From the line containing "coworking,Birdhaus 28 May 2020" to the line containing "綺麗で元気の出るトロピカルハウスの未再生の波形" in the entries below, reproduce every line exactly, ends included. Nothing else belongs in the copy, and no pictures.

(Given entries begins)

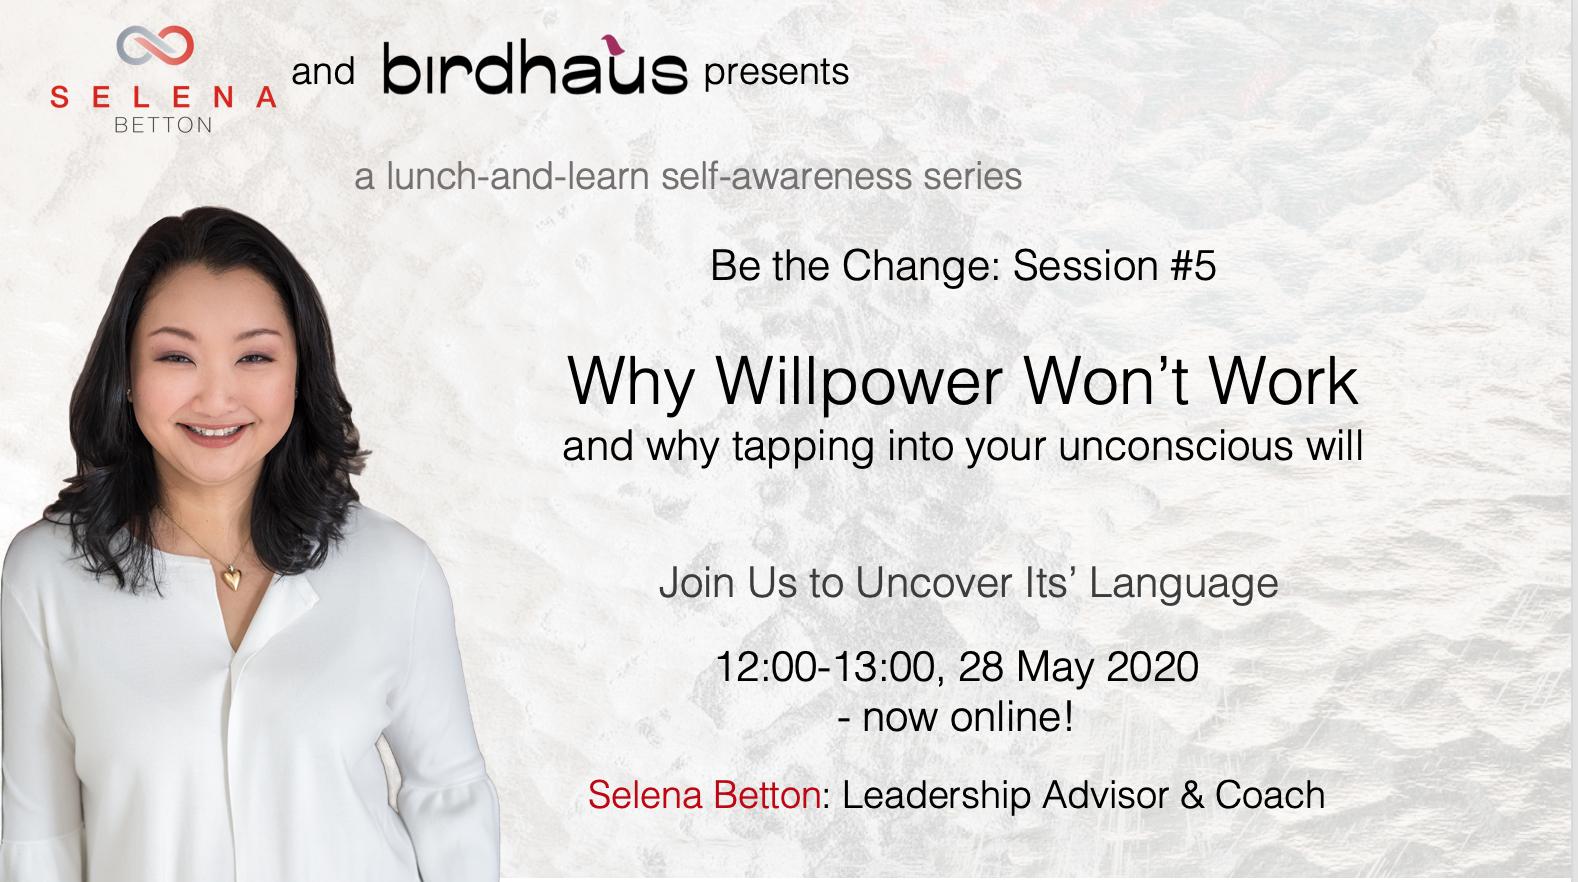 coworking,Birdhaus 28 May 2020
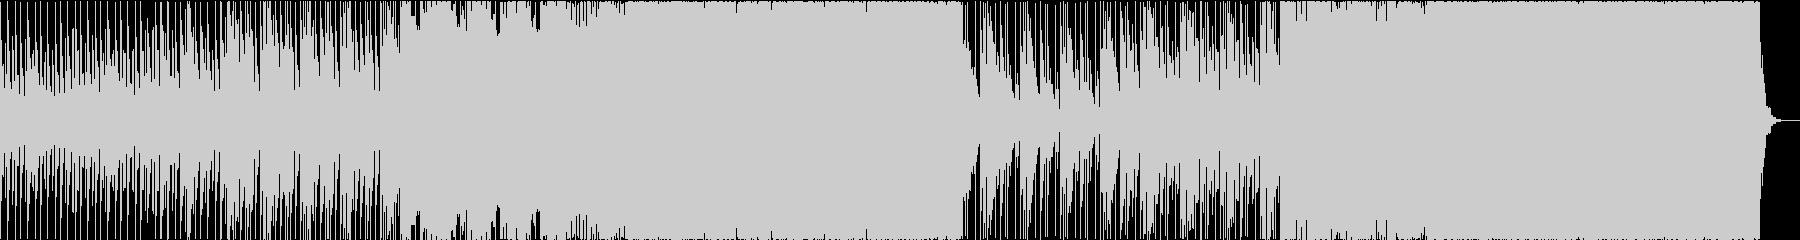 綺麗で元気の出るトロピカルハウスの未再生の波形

(Given entries ends)
(Given entries begins)

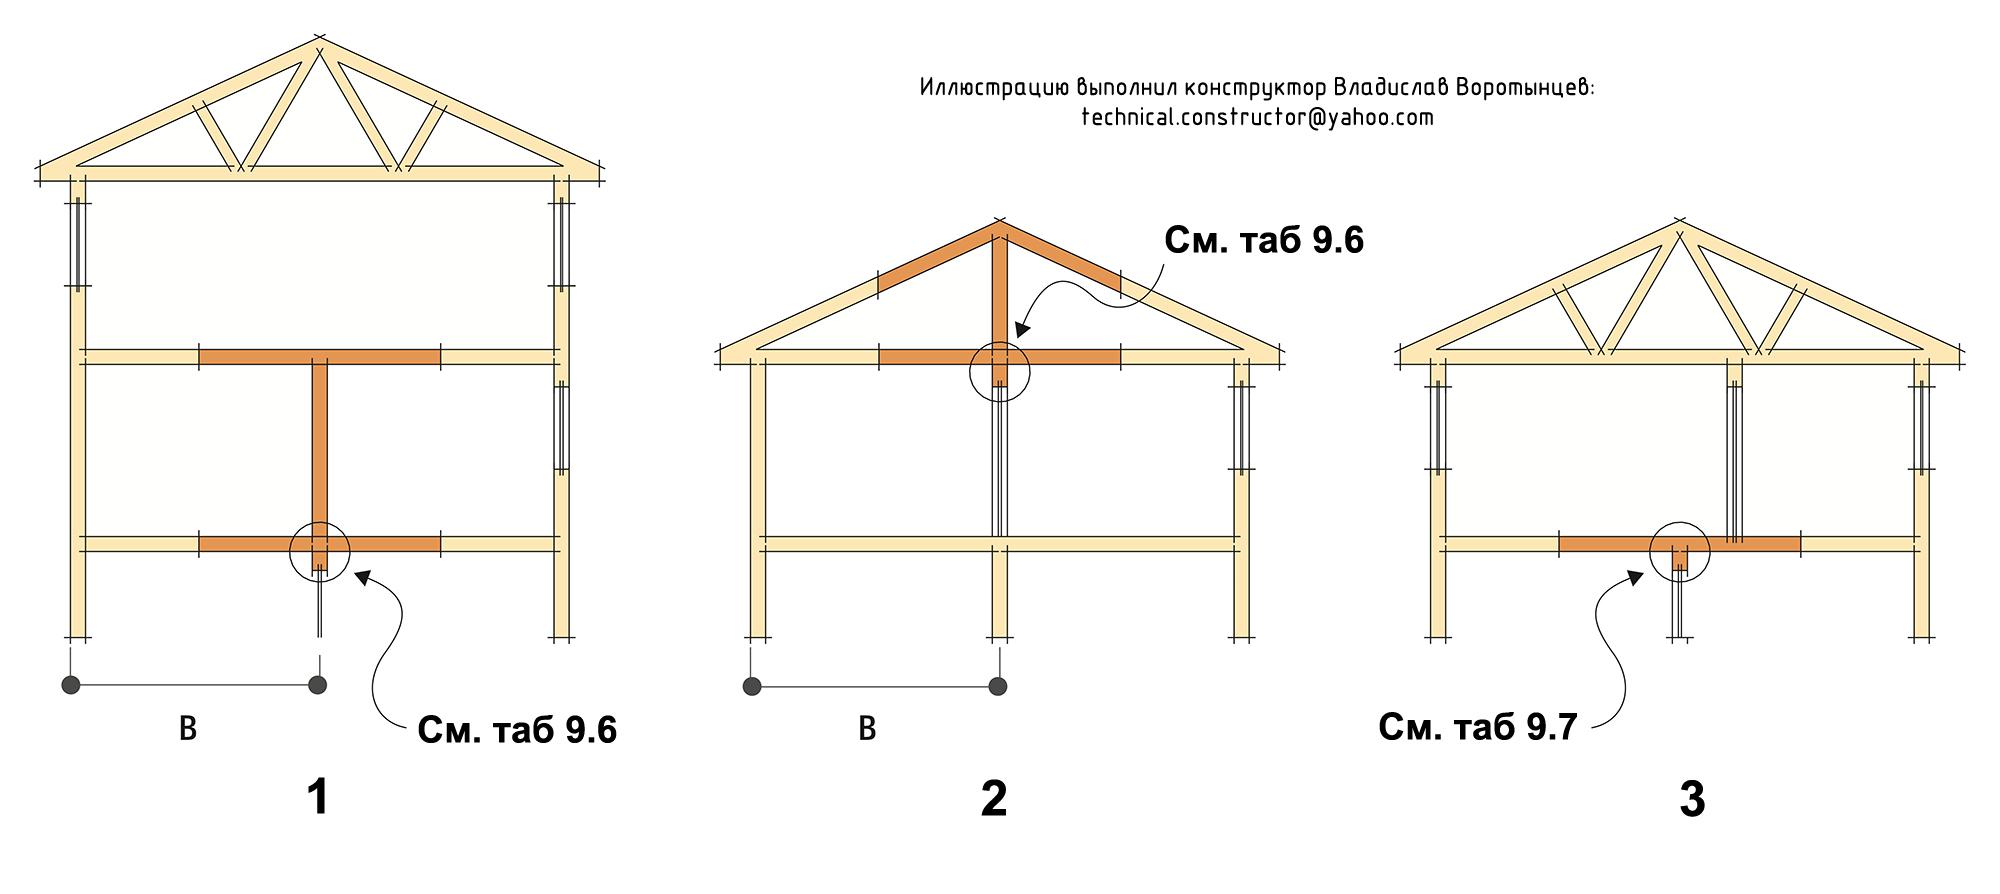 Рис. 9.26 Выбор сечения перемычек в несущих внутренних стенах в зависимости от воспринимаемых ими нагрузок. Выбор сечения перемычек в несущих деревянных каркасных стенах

(Given entries ends)
(Given entries begins)

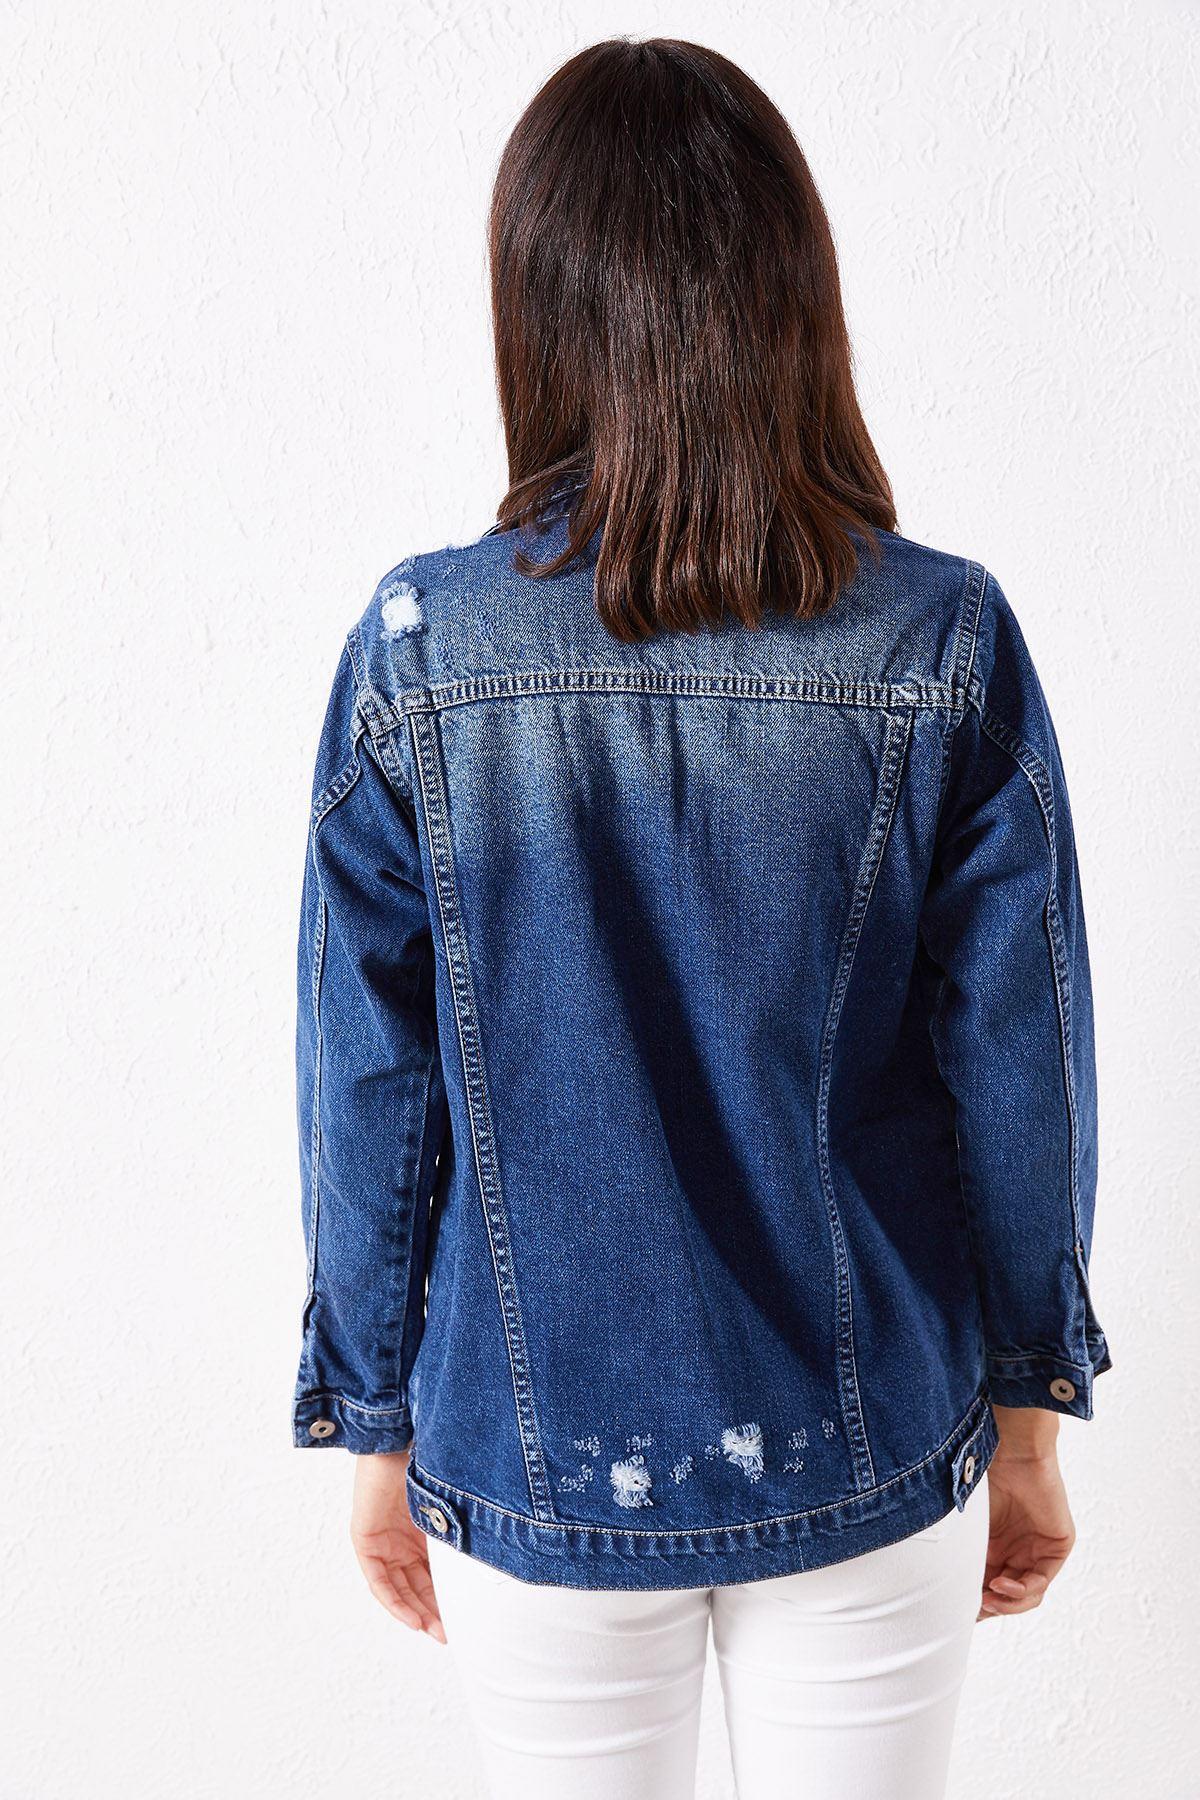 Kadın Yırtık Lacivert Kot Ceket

(Given entries ends)

> [Output for this task]
 coworking,Birdhaus 28 May 2020
 綺麗で元気の出るトロピカルハウスの未再生の波形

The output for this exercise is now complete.